Maandag 20 maart 1995, Zweden
Nederlandse Noordkaap Expeditie 1995
Deze dag begint als een echte maandag. De metalen buis die de aanhanger met de fiets verbindt is aan de bovenkant doorgescheurd. Het kost veel tijd voor we een bedrijf hebben gevonden waar ze dit kunnen repareren. Pas na vieren zitten Sven en ik weer op de fiets. We proberen nog iets van de opgelopen achterstand in te halen, maar daarvoor is deze dag blijkbaar niet voorbestemd.
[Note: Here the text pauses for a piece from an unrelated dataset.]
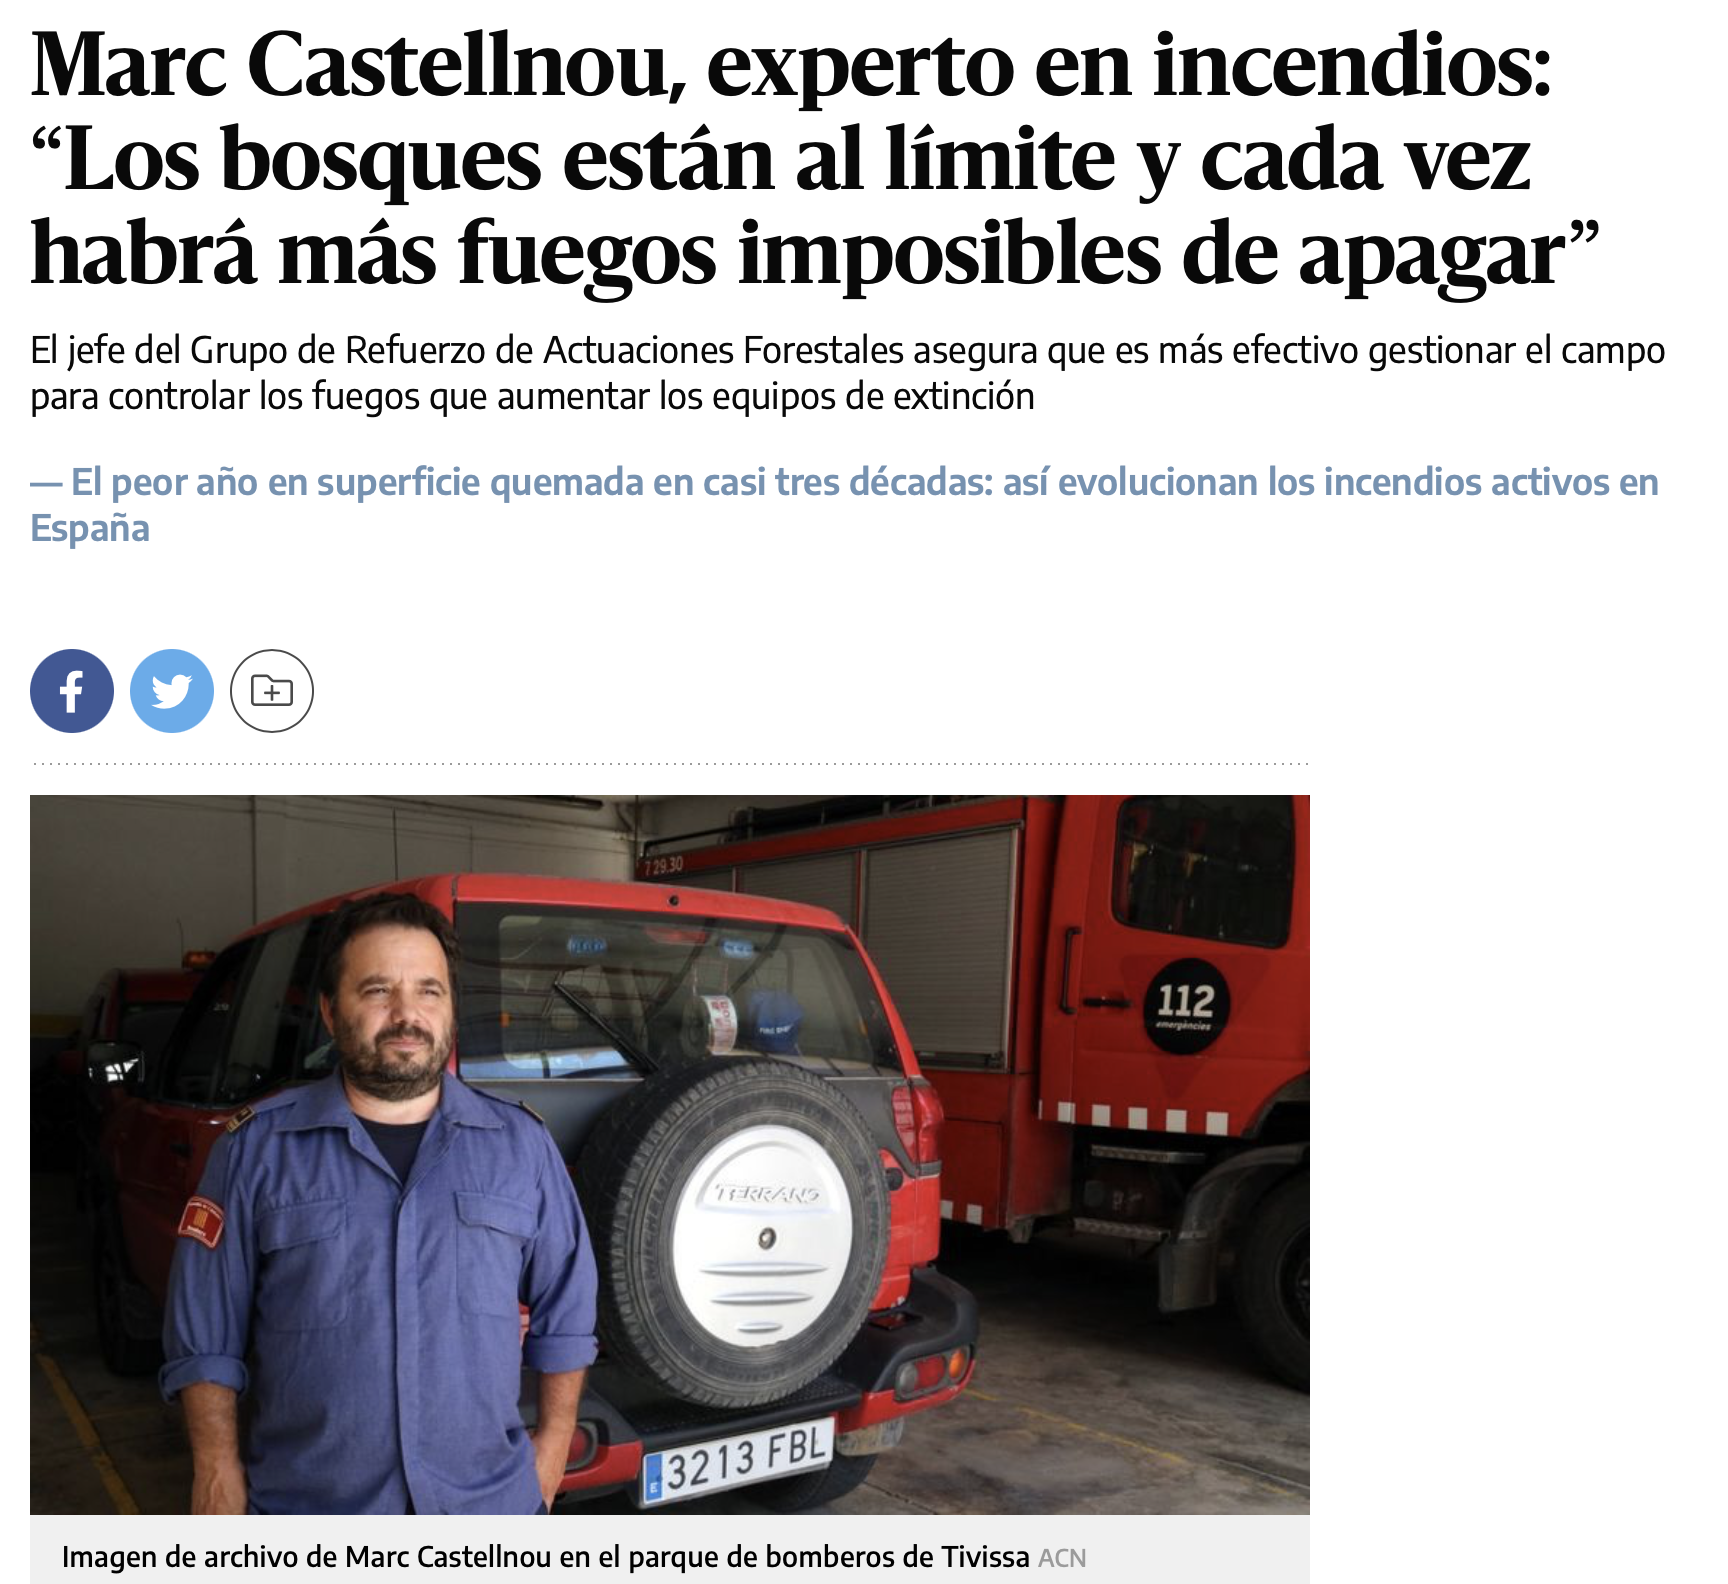 Marc Castellnou, experto en incendios: “Los bosques están al límite y cada vez habrá más fuegos imposibles de apagar”

We volgen een smalle weg over steile heuvels. Het is intussen donker en er is veel verkeer dat te hard rijdt. Om even aan dat gevaar te ontsnappen en om meer voor de hand liggende redenen, gaan we een hapje eten in een vier sterren bushokje. Nu we stilzitten koelen we snel af in onze dunne kleding. We doen iets warmers aan. We eten broodjes met vlees en zalm die ze ons vanmiddag hebben meegegeven. We lachen om deze gekke situatie, deze tegenstrijdigheid, om het effect van de dikke kleding en vooral de mutsen die ons op muppetpoppen doen lijken, om de reactie van voorbijgangers, om onszelf omdat we hier zijn.
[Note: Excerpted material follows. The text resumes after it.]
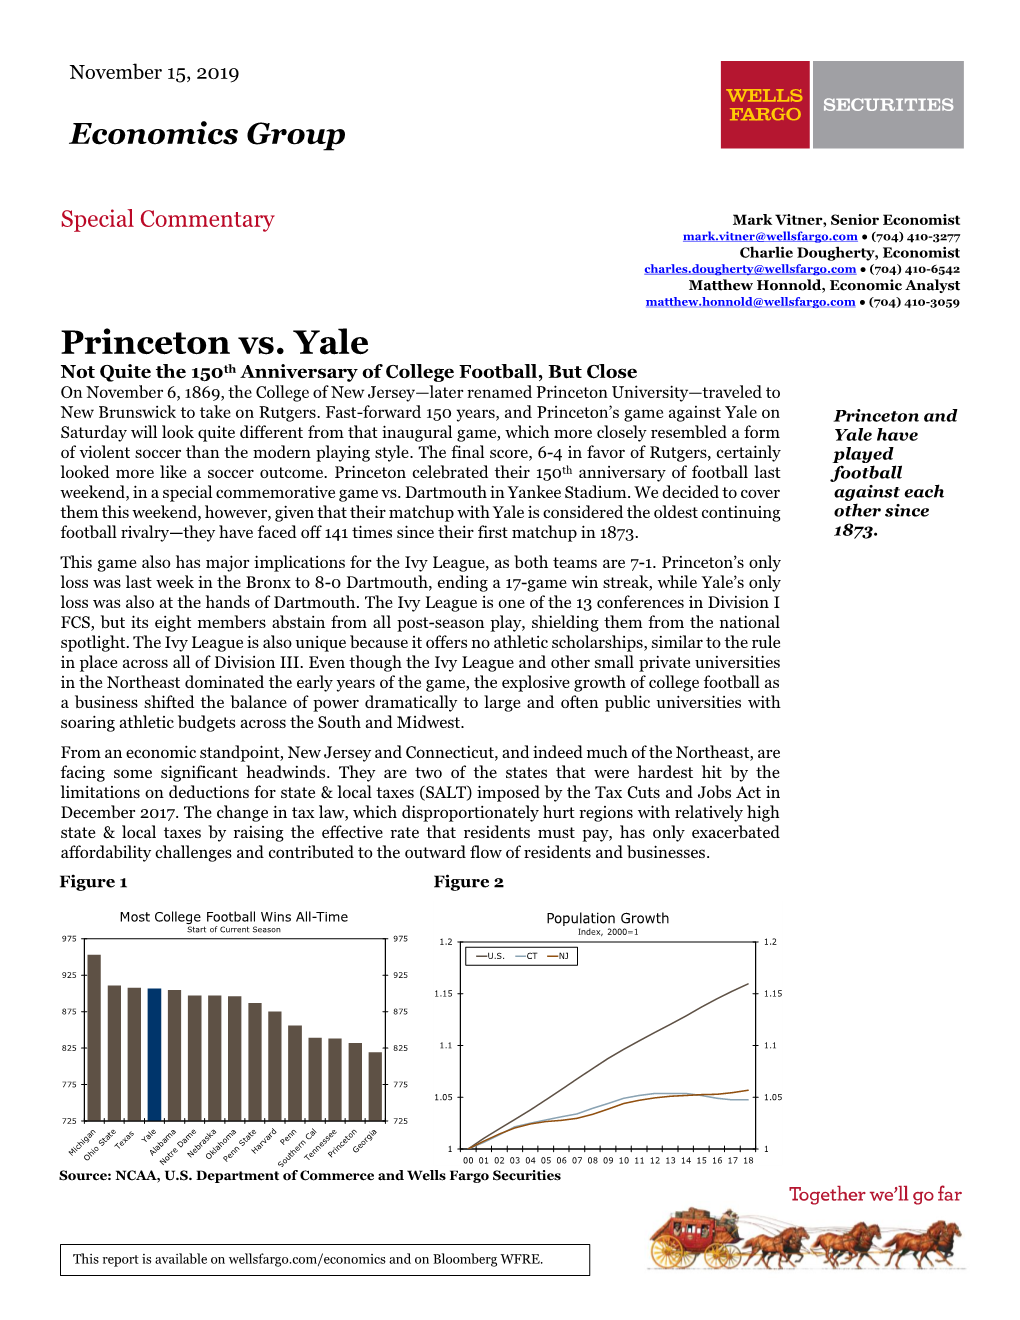 Princeton Vs. Yale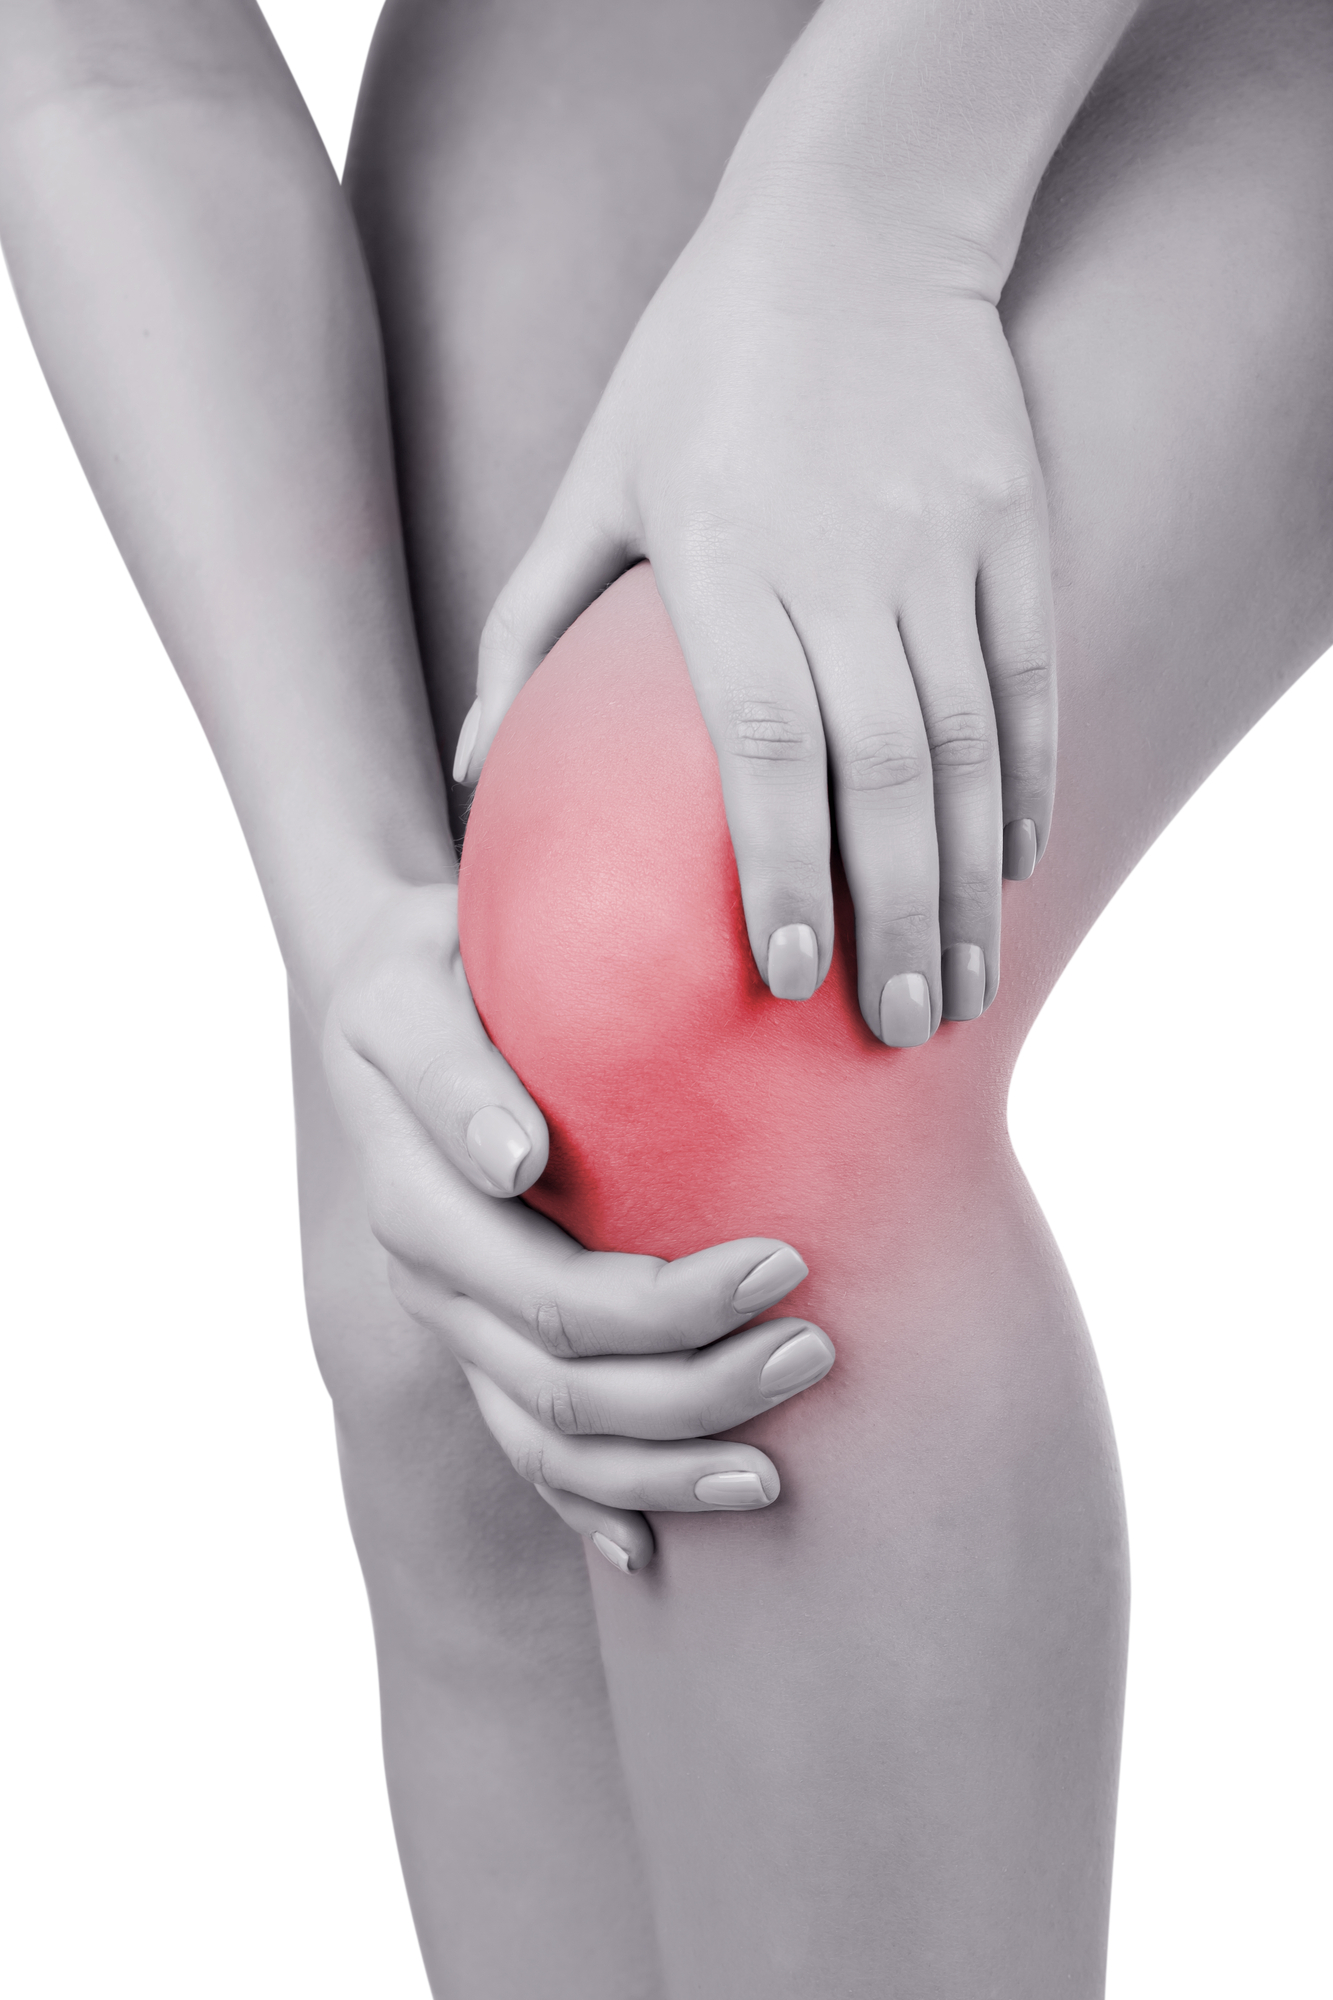 Acute pain in knee

Na deze culinaire stop gaan we op zoek naar een geschikte plek om te overnachten. Kilometers lang zijn er alleen pas omgeploegde velden te zien, waar we niets aan hebben. We fietsen maar weer een stuk verder door het besneeuwde landschap en bereiken een donker bos.
Al vrij snel vinden we er een open plaats, niet al te ver van de weg. We zetten de tent op met de ingang naar het bos. De bomen rond de tent zijn goed te zien, maar verderop is het aardedonker. Het ziet er geheimzinnig uit en we krijgen allebei het gevoel dat er daar iets naar ons kijkt. Aangezien we met zo’n gevoel niet kunnen gaan slapen, besluiten we gewapend met zaklampen een kijkje te nemen.
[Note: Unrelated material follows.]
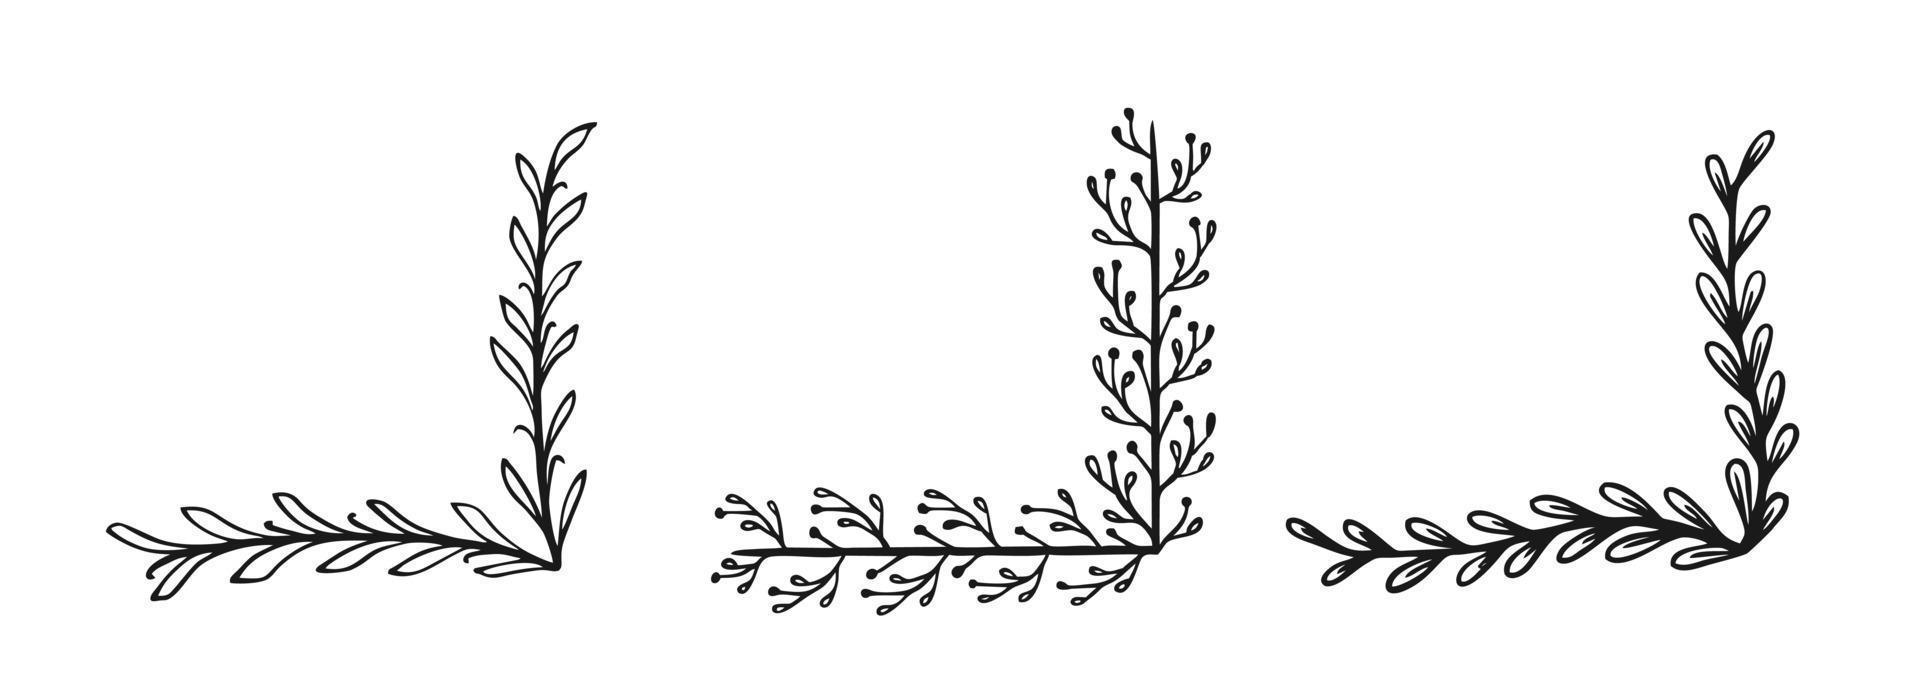 marco de esquina dibujado en estilo garabato aislado en un fondo blanco un conjunto de marcos dibujar a mano ilustración vectorial vector

Het is er doodstil. Alleen wat takjes kraken onder onze laarzen. We volgen een pad vol kuilen waarin water staat met een dun laagje gebroken ijs, maar na honderd meter verdwijnt het pad in het niets. Ik doe mijn lamp uit. Alleen de maan verlicht de bomen en de sneeuw. Het is betoverend mooi, maar ook een beetje griezelig. Alsof er elk moment iets bovennatuurlijks kan gebeuren.
Die nacht meen ik nog diverse malen iets verdachts te horen. Toch gebeurt er niets. Pas als de zon opkomt verdwijnt met de duisternis ook de geheimzinnigheid. Alleen in mijn gedachten blijven ze, samen met alle andere herinneringen en vormen daar de reden voor deze reis en alle volgenden.